Any logistical problem means products take longer to get to their destination. As reported by several African agro-exporters, delays in logistics are leading to shortages in storage capacity, more specifically cold storage capacity.

The labor shortage is the third main issue F&V exporters are facing. Limitation of movement is one of the main reasons, but also fear of infection by workers. High-value supply chains are particularly affected and these include food processing plants, which are labour-intensive. Currently, most of the sorting and packing lines do not comply with the social distancing requirements.

The route to resilience: disruptions can also bring opportunities

The crisis is also seen as an opportunity to build more resilient food systems. As quick as the effects of the pandemic have been, we have also seen quick responses that are allowing the fresh produce sector to recover and reestablish itself.

E-commerce & digital marketing: global lockdowns have forced brands to adapt to an online business model whether they were ready or not. Social media and e-commerce (online sales) is already a strategy many farmers are using to sell their produce and an easy way to create linkages between farmers and consumers.

One of the principal recommendations for making the jump into digital is to first make sure customers know you are operative and that you have pivoted your offering to online sales, local markets, value-added products etc. Social media is a good way to inform people about this and to promote company websites and pictures of your operations, highlighting standards in terms of hygiene, certifications and quality[2].

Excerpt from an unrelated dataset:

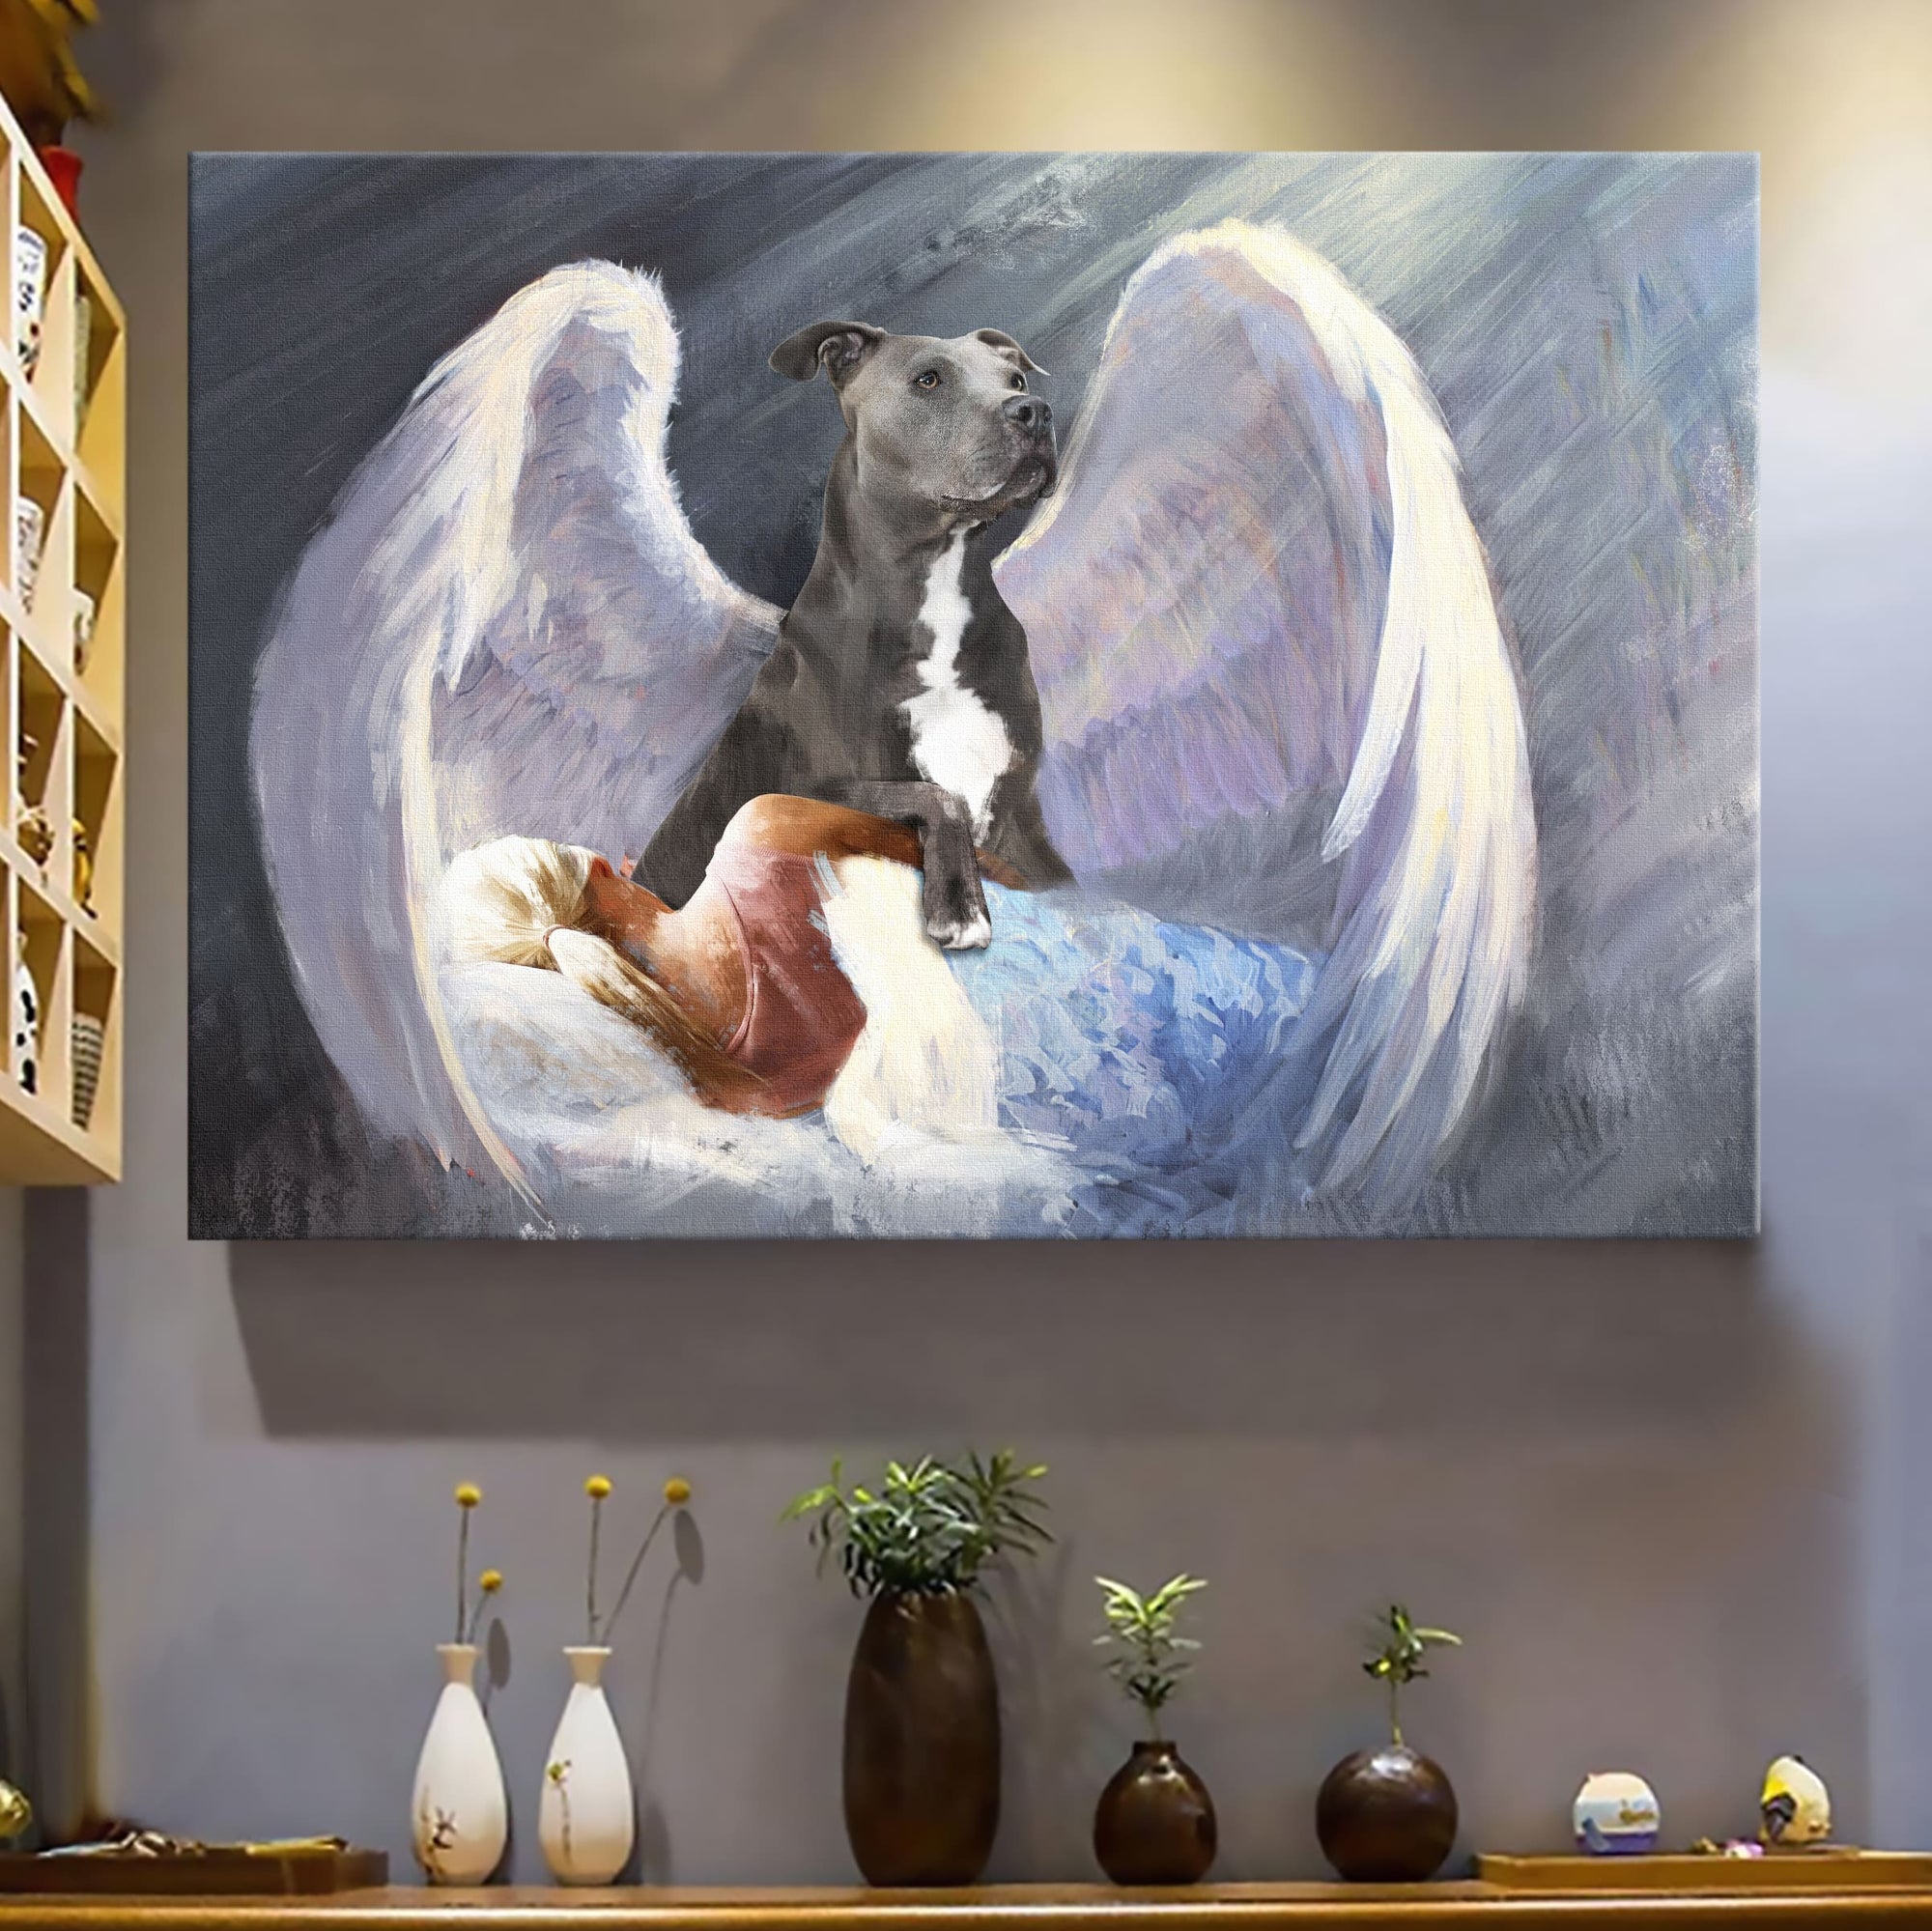 Sleeping girl, Pit bull, Beautiful Wings, I'll protect you - Pit bull Landscape Canvas Prints, Wall Art

Local trade: considering how consumption has changed with lockdowns, the local demand for fresh produce has increased considerably. Agribusinesses, especially exporters, of some fresh products, have had order reductions or cancellations, forcing them to redirect products to local markets (supermarkets), or consider value-addition processing. Many supermarkets have suffered a shortage of fresh supplies, they have had to keep up with the increased demand and look for more suppliers. Local demand will increase once open markets are allowed to operate.

Interregional trade: Another way to reduce dependence on exports is to strengthen regional trade, by selling to neighbouring countries. For instance, several agro-exporters in Zimbabwe traditionally selling to UK markets, have started to sell to South African markets. Many organizations, such as World Bank and FAO, are promoting the strength of the African Continental Free Trade Area, aimed at creating a single market for goods and services, as well as promoting the movement of people across borders. As a response to the pandemic, requests have been made regarding reducing import tariffs and temporarily reducing value-added taxes, as well as other taxes, as a way to rapidly facilitate regional trade.

Farm logistics: Longer time lags in logistics are generating temporary over-stock of produce, which has meant that many farmers are lacking sufficient cold storage in order for it to arrive at the destination with good quality standards and sufficient shelf life. Many agro-exporters have reported they urgently require immediate cold storage capacity and have rented reefers, cold room space from third-party logistics (3PL) providers, and have rented out space to other farmers or whatever option was available.

Therefore, many have argued that there is a lack of cold storage service providers specifically those who can offer rental and portable cold rooms and pre-coolers, that can be placed anywhere close to production points, thus reducing the need for mobility because they are movable according to requirements or seasons.